Catenaa, Thursday, January 01, 2026-Decentralized finance moved closer to maturity in 2025 as onchain credit growth resumed, institutional capital increased and trading infrastructure strengthened, setting the stage for broader adoption in 2026.
Total outstanding loans across major DeFi lending protocols rose 37.2% year to date, trailing stablecoin market growth but rebounding sharply in the second half as risk appetite returned.
Borrowing accelerated alongside rising asset prices before deleveraging late in the year as valuations softened.
Aave reinforced its lead as the largest lending protocol, expanding its share of total debt to 56.5% through deep liquidity and multichain deployments.
Morpho emerged as the second-largest lender after rapid growth aided by Coinbase integration, while Maple expanded sharply by bringing private credit onchain through tokenized lending pools.
Real-world asset tokenization crossed an adoption threshold. The value of tokenized public-market assets grew to $16.7 billion, driven by US Treasuries, commodities and institutional funds.
BlackRock’s tokenized Treasury fund became a central reserve asset for several onchain products, underscoring rising institutional confidence in blockchain-based distribution.
Onchain derivatives also gained momentum. Perpetual futures traded on decentralized exchanges captured 18.7% of total market volume, tripling their share from a year earlier.

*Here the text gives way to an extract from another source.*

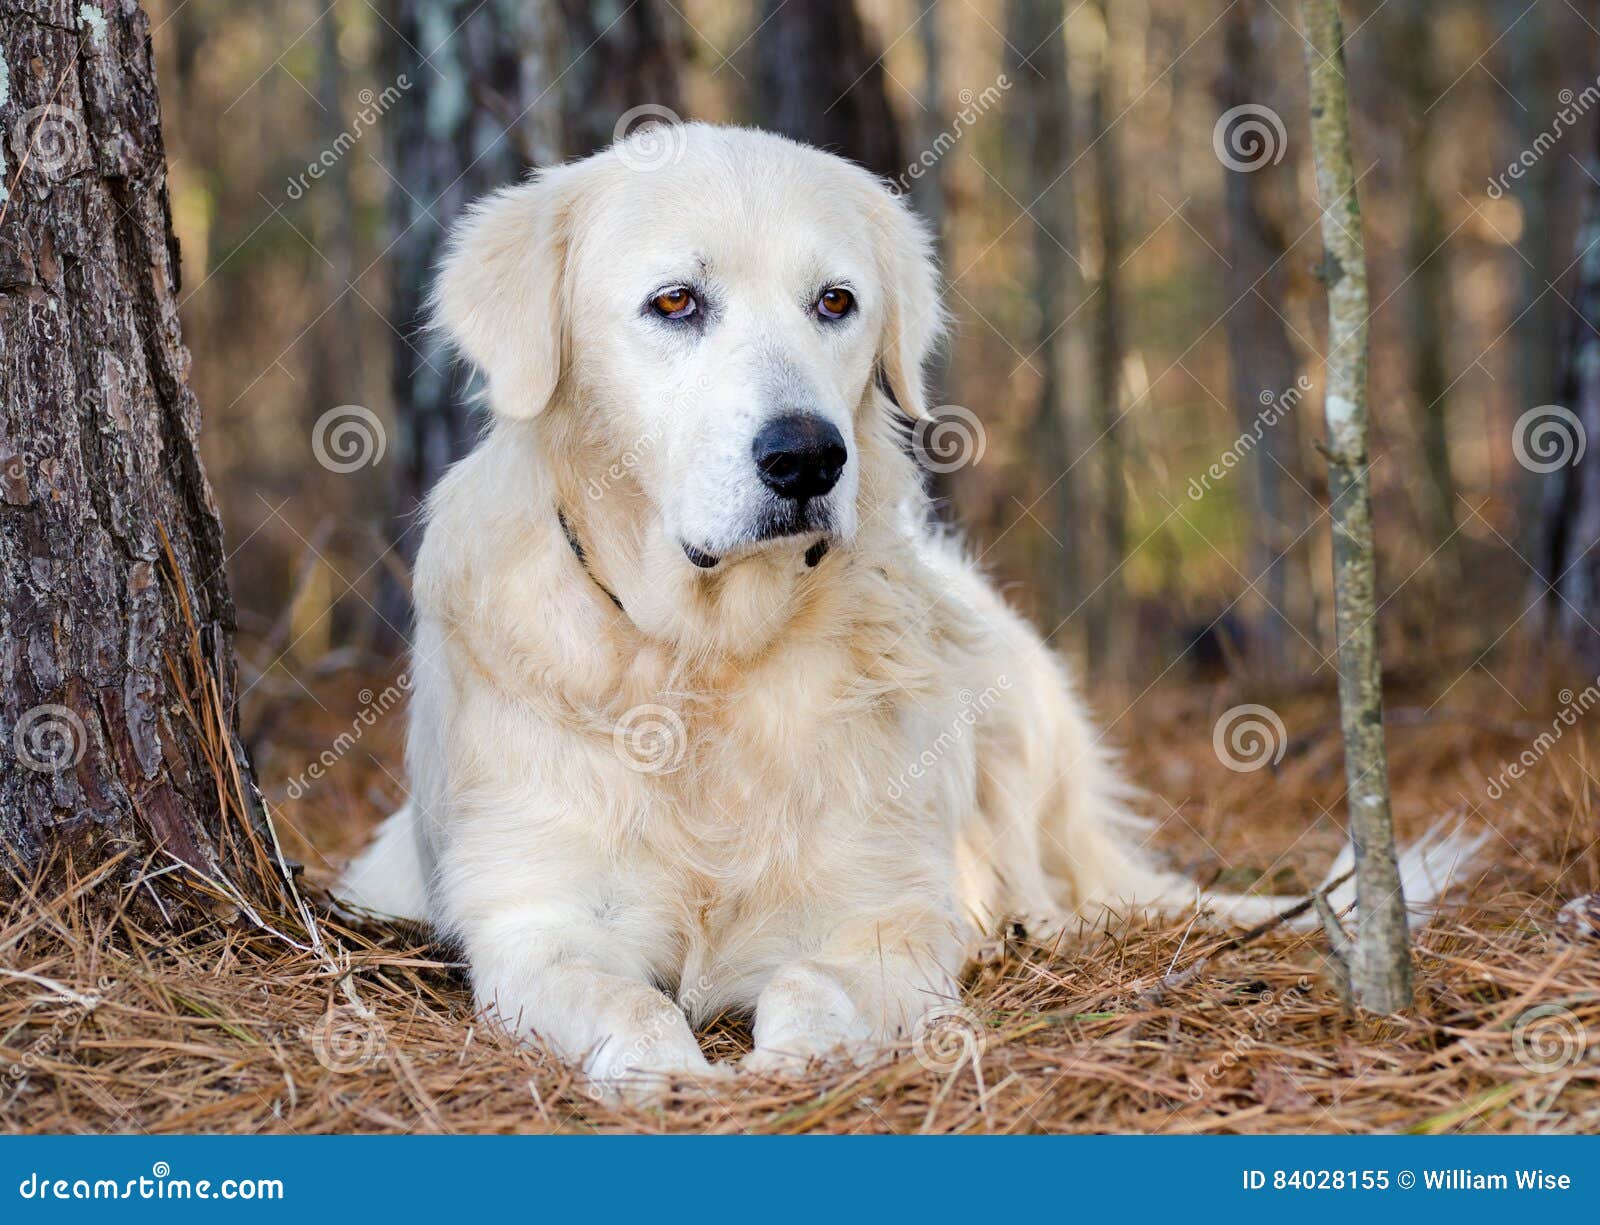 Great Pyrenees Livestock Guardian Dog Stock Image Image Of Eyes Bulldog 84028155

Hyperliquid remained the market leader, though new, well-funded competitors intensified pressure through incentives and lower fees.
Prediction markets stayed active after the 2024 US election, with volumes rebounding in 2025 as regulated and onchain platforms expanded distribution and product offerings.
Despite progress, risks remain.
A late-year stablecoin failure exposed how tightly coupled protocols can amplify losses, highlighting the need for stronger safeguards as DeFi scales.